I’m going to say something out loud that men will not believe a woman said. It was reading Joseph Pearce’s book on Romeo and Juliet that encouraged me. His outspoken disapproval of Romeo further emboldened me. So—if this makes women mad, don’t blame me. It was Joseph who inspired it.

In plain words, it’s this: Men rule. Unless a woman takes brain-altering chemicals or does other weird and dangerous things to her body, she faces the horror of abortion or the pain of childbirth, followed by either the heartbreak of surrendering her child or the difficulty of rearing it alone.

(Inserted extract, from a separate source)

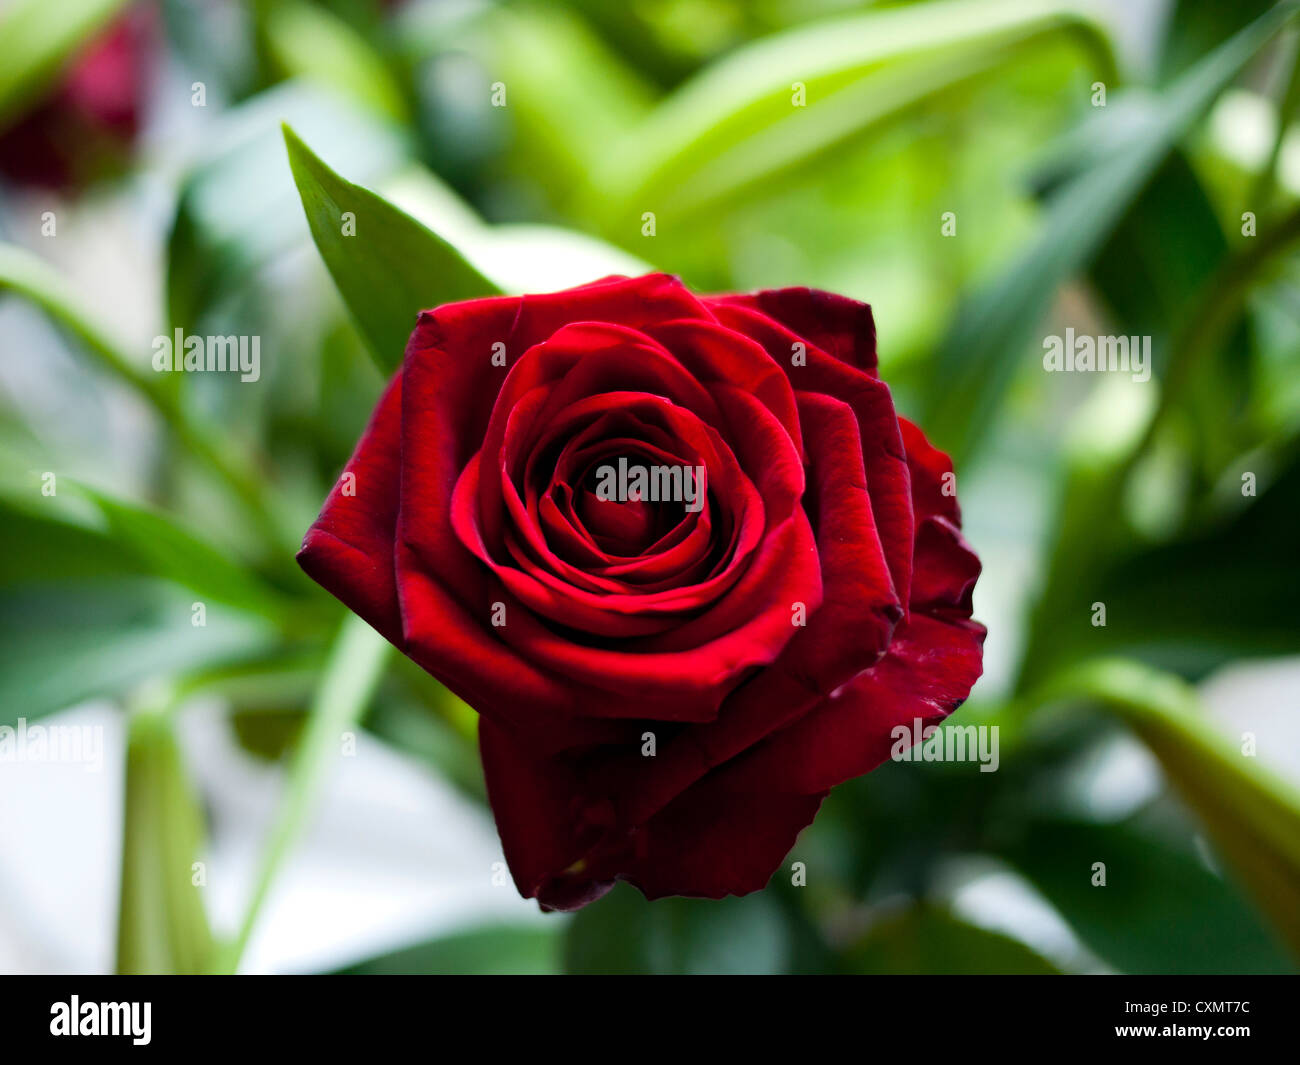 Red Rose.England, UK. Stock Photo

This is what makes women angry: We are at the mercy of men. Men have nothing to lose; they take no risks. Women have everything to lose and risk their lives. If responsibility is placed on a balancing scale, the man’s side of the scale will carry no weight at all while the woman’s side will crash under the load. That’s the way it is. That’s why women poison their bodies, demand abortion and all sorts of nightmarish things, and scream for an equality they can never have—they’re trying to balance the scale. But no matter what horrific things they do to themselves, physically, emotionally, even spiritually; and no matter how much they rant about it, they can’t balance that scale. They have no power—it has nothing to do with any law or lack of law. It’s about power. Women deny this. Men deny this. There are lots of lovely words to camouflage it, but take away all the poetry or philosophy, all the lovely words—and there it is.

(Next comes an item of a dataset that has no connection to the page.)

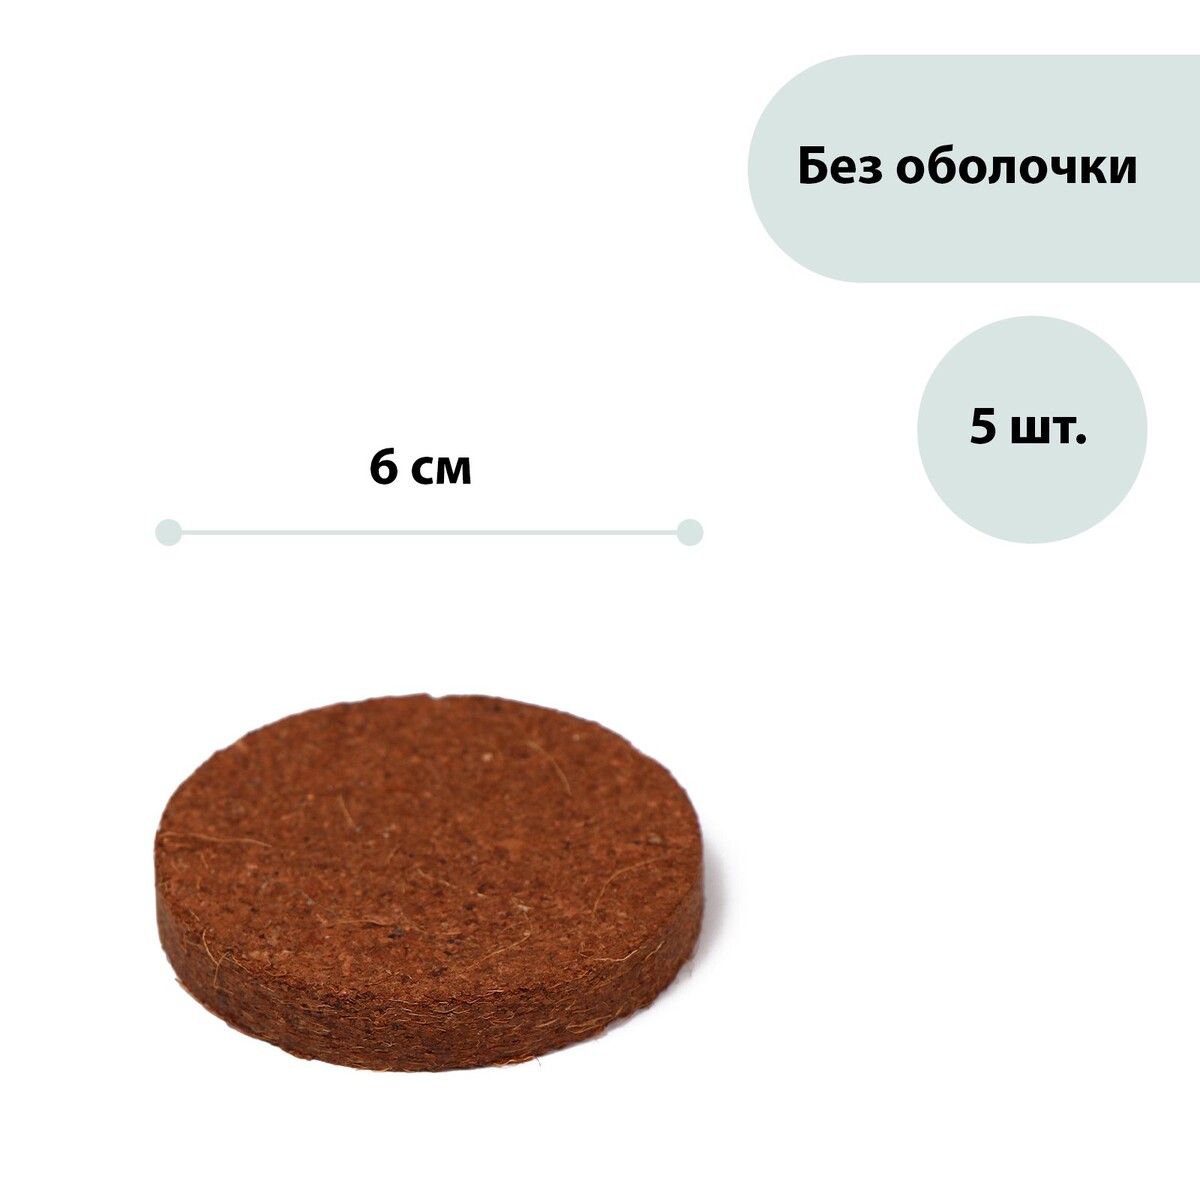 Таблетки кокосовые, d = 6 см, набор 5 шт., без оболочки, greengo йодомарин таблетки 200мкг 100

Brain chemistry and the inborn instinct to reproduce make people talk a lot about “love.” But only one kind lasts and women have only one way to tell whether what’s going on is that kind. My neighbor recently passed at the age of 87. Her husband had been dead for 20 years, and she mourned him every day of those 20 years. What, I asked her, accounted for the love she still felt for him. Here it is: “I was 17 when I met Jack and I was immediately crazy about him. I tried everything I could to seduce him, but it didn’t work until our wedding night—and I won’t tell you anything about that. What I will tell you is that I trusted him—because I knew I could. That made all the difference—on our wedding night and on every day after that for more than 50 years.”

When people have sex before they’re married, something far more than mere sex happens between them. I had a student who was in love with a boy and dated him for a long time—until she got pregnant and had a child out of wedlock. She kept the baby and continued to live at home with her parents. But nothing that boy could say or do would make her return to him—and he tried—because in spite of all his protestations to the contrary, she knew he didn’t love her. She was right. After graduation, he joined the army; she married someone she could love and respect as her husband and as a father for her child—because he was someone she could trust.

The confusion over responsibility and power has caused much sorrow and destruction. Women have all the responsibility and men have all the power. It’s that graphically simple. A woman who denies it is vain and foolish. A man who denies it is weak and a scoundrel.